Material for this exercise:
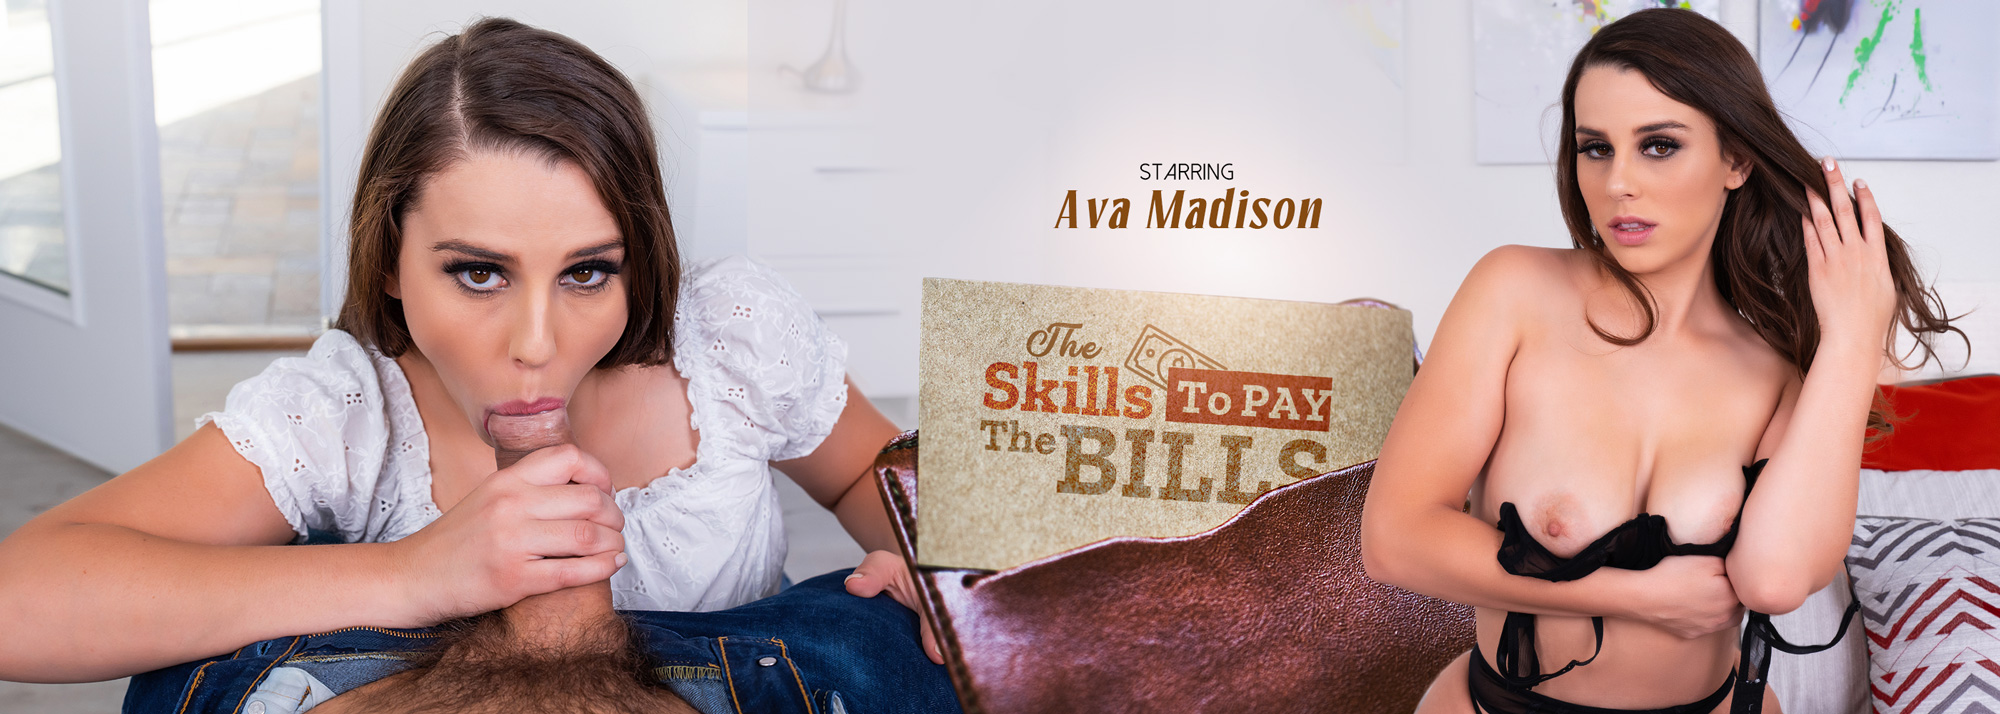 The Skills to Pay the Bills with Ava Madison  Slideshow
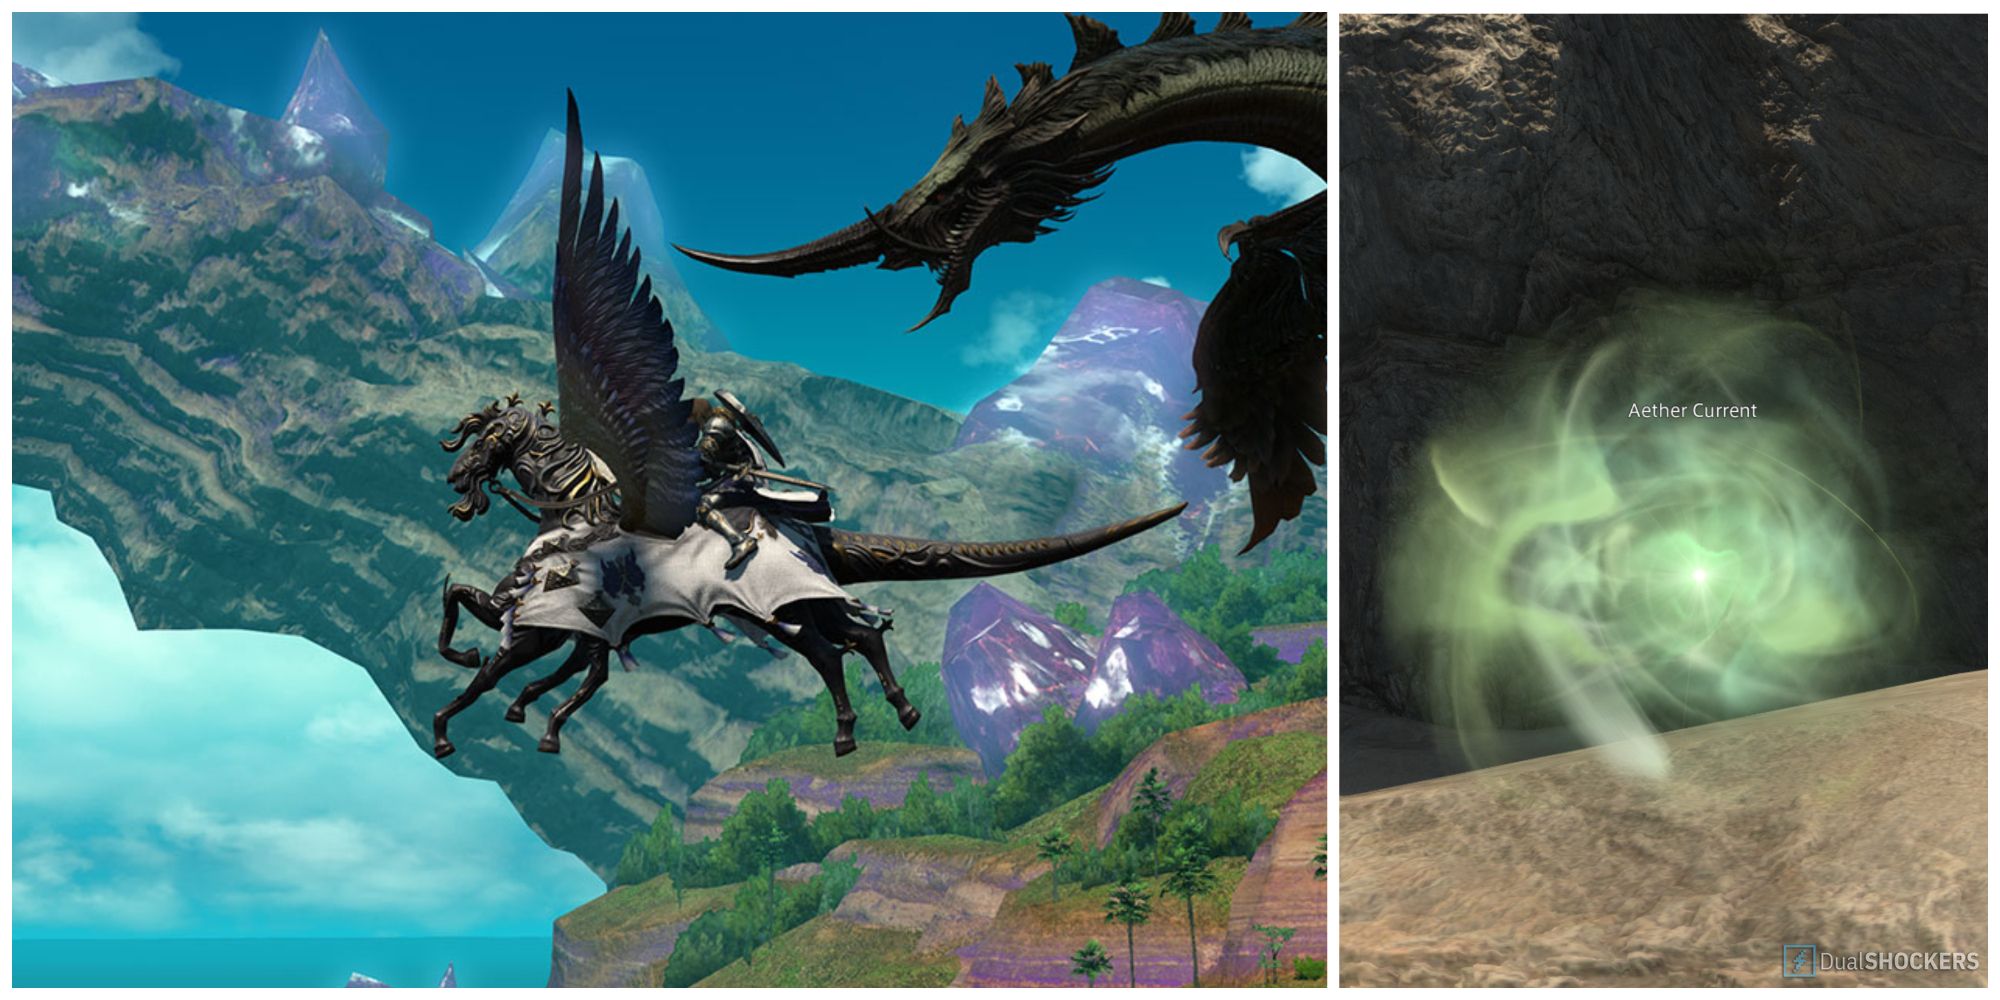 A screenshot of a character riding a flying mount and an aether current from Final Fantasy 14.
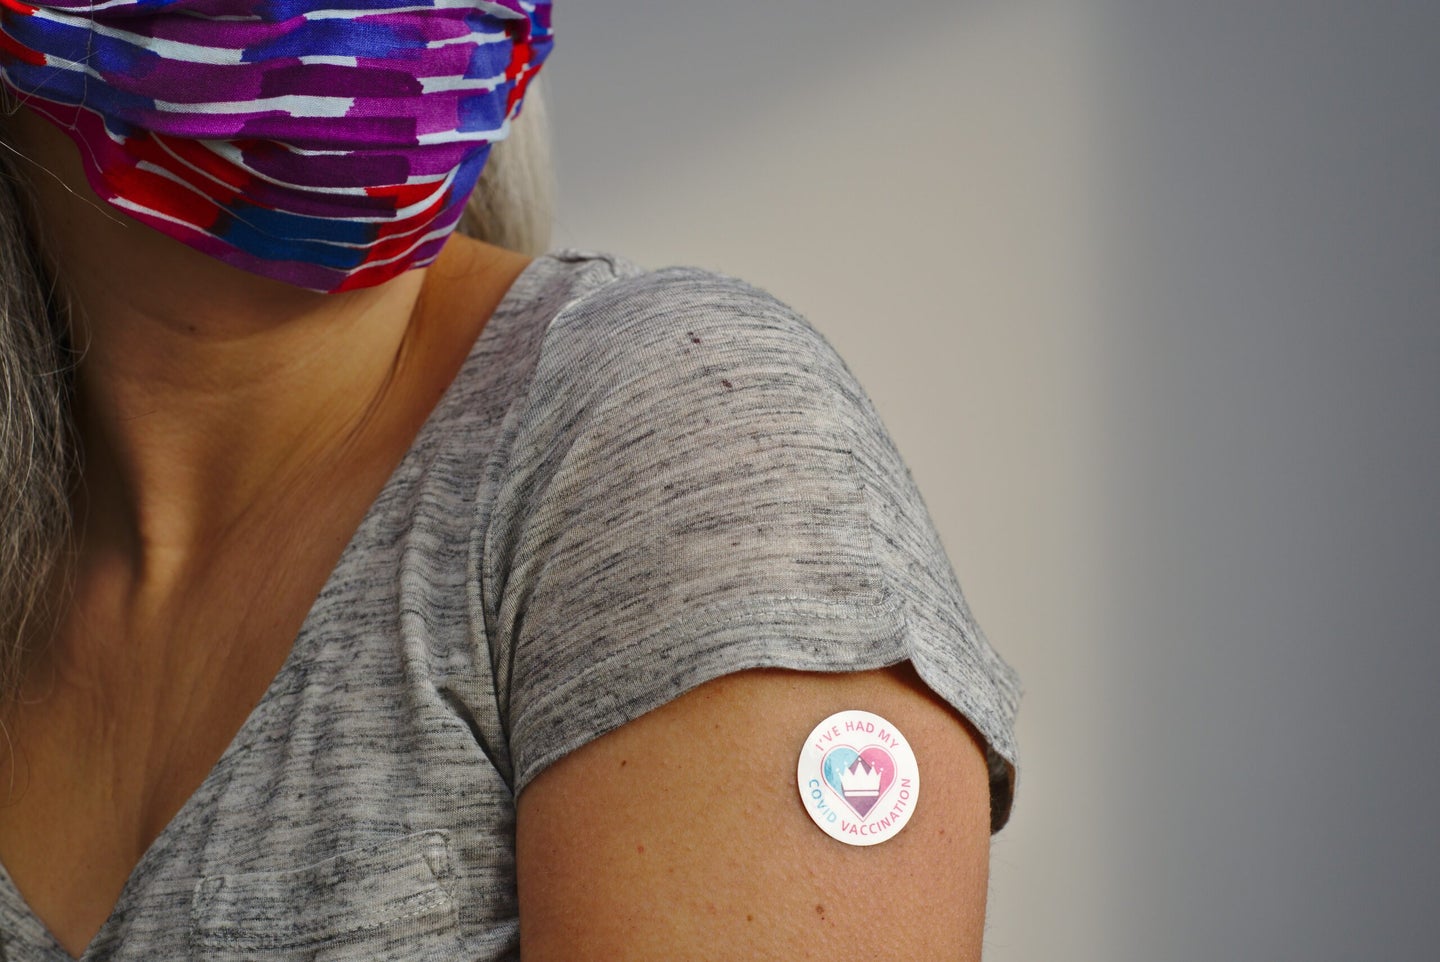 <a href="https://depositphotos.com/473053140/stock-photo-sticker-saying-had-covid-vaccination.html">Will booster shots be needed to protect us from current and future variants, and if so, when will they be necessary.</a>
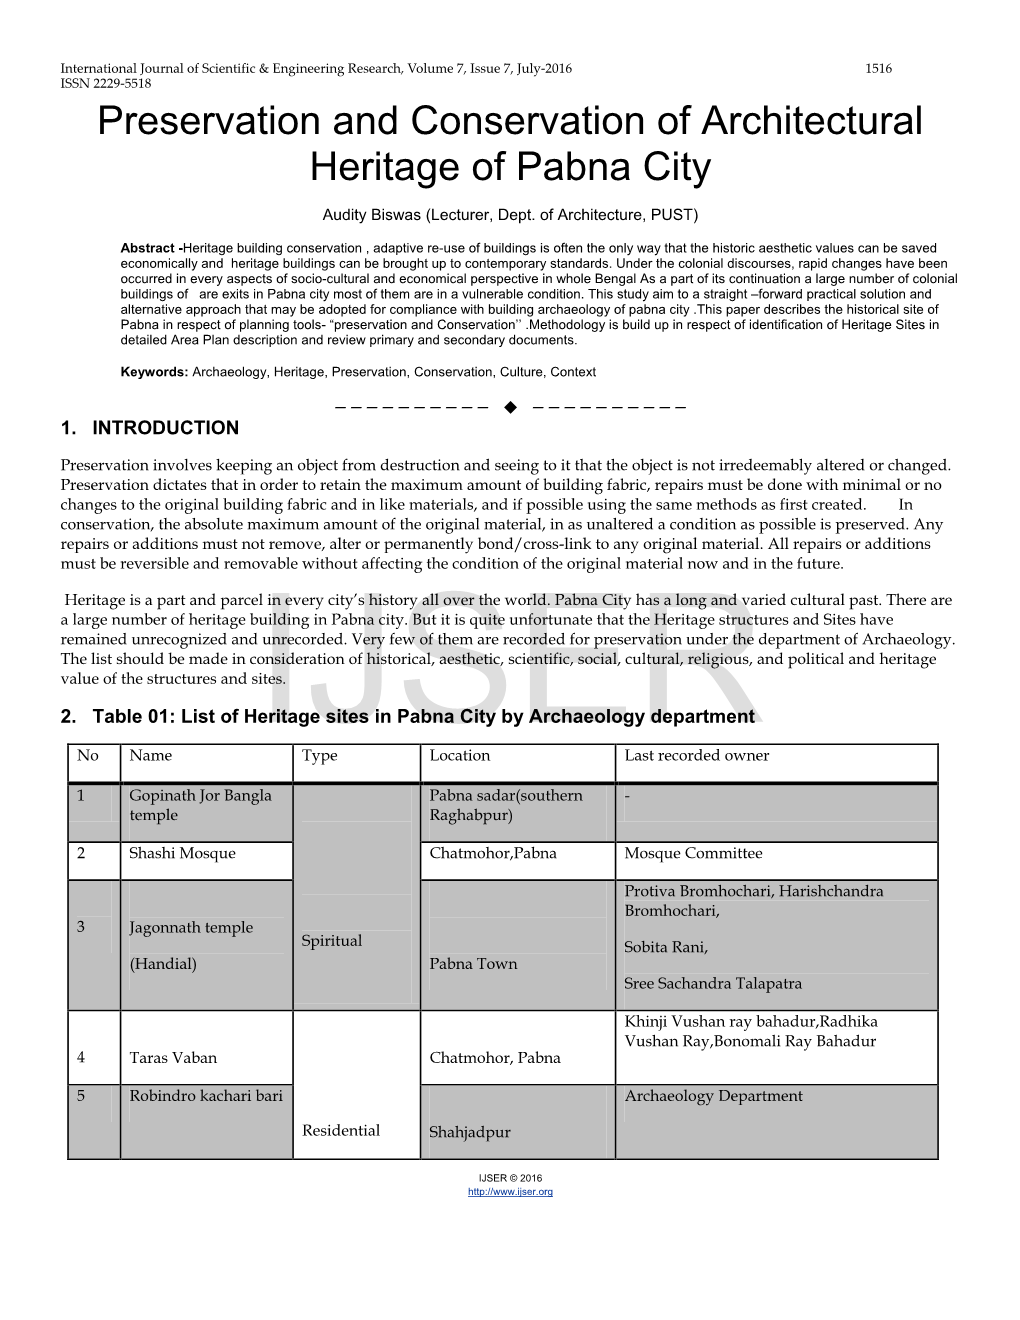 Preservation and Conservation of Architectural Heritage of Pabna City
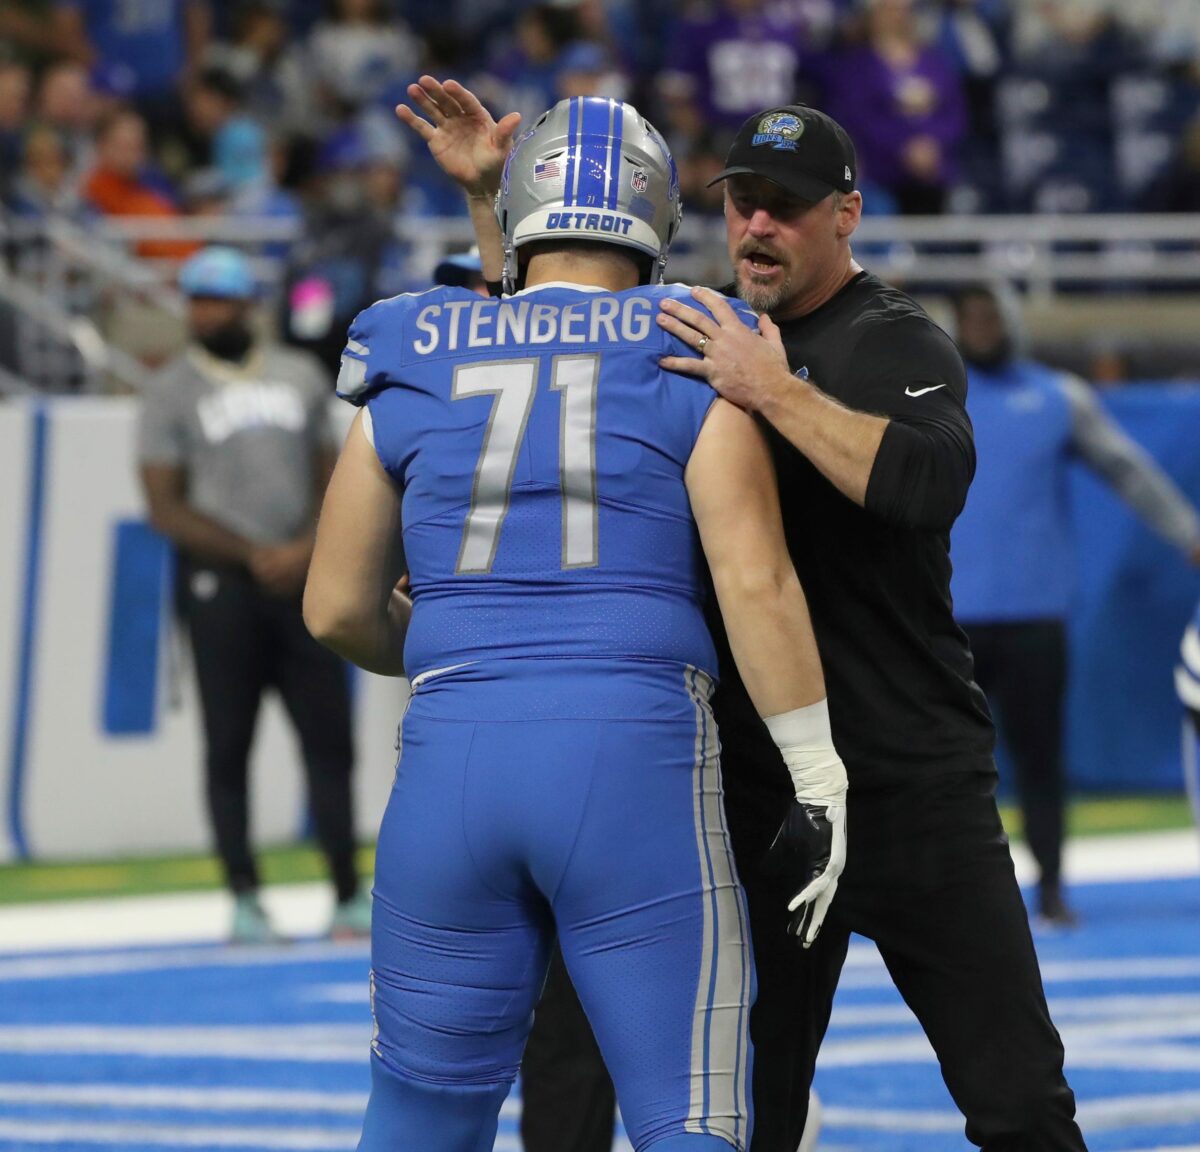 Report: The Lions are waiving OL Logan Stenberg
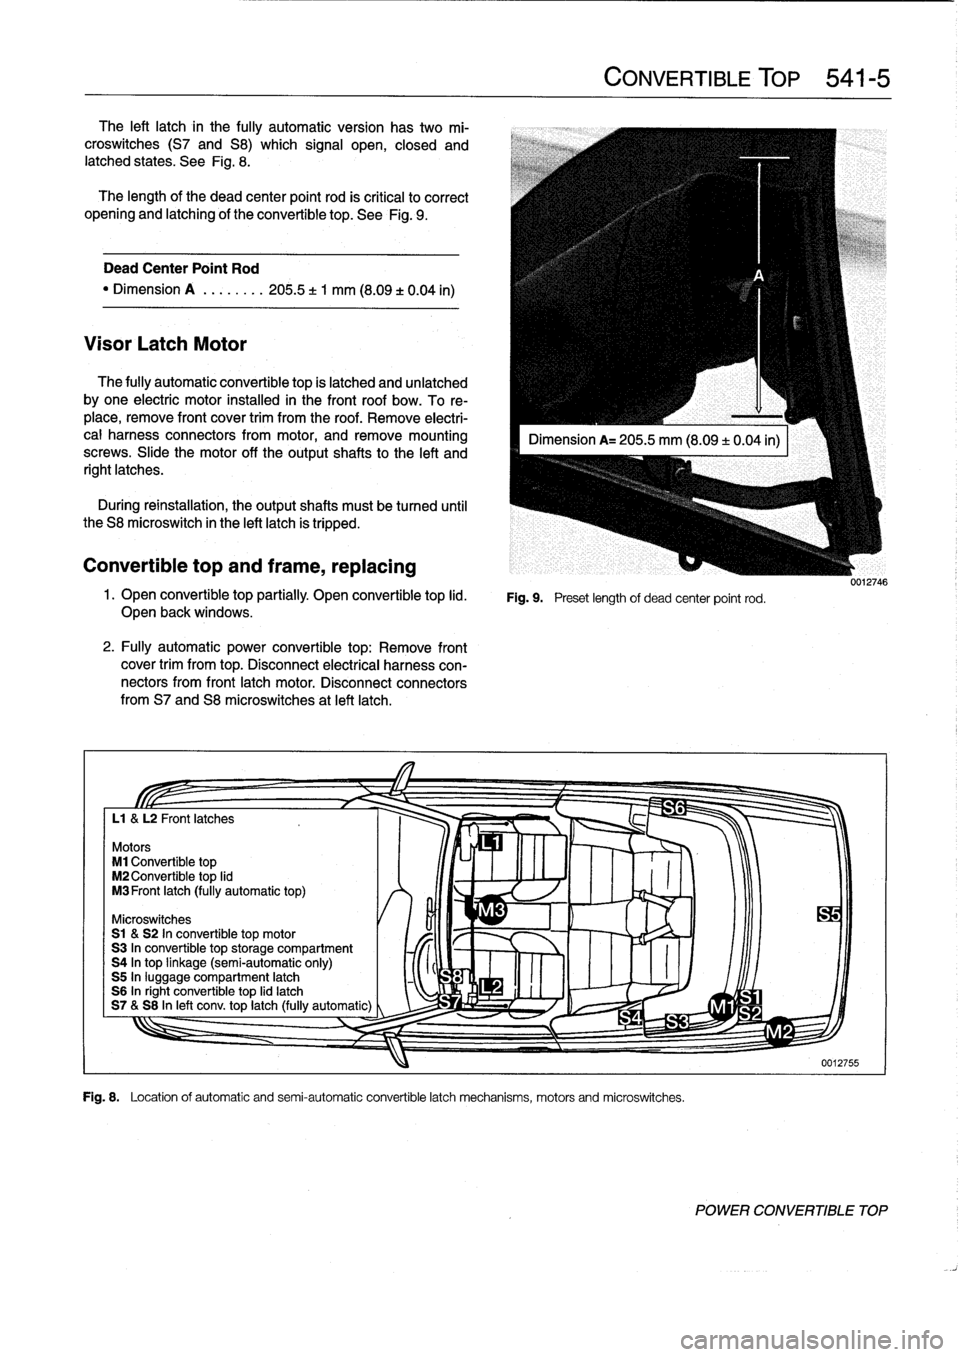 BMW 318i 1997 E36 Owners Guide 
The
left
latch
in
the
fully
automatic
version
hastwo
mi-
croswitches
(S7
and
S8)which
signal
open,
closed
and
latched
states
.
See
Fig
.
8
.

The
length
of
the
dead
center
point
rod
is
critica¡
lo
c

The task: I need the lines from the line containing "Preservation and Conservation" through the final line of the listing duplicated exactly, both ends included, with no pictures and nothing else.

Result for this task:
 Preservation and Conservation of Architectural Heritage of Pabna City
 Report: The Lions are waiving OL Logan Stenberg
 BMW 318i 1997 E36 Owners Guide 
The
left
latch
in
the
fully
automatic
version
hastwo
mi-
croswitches
(S7
and
S8)which
signal
open,
closed
and
latched
states
.
See
Fig
.
8
.

The
length
of
the
dead
center
point
rod
is
critica¡
lo
c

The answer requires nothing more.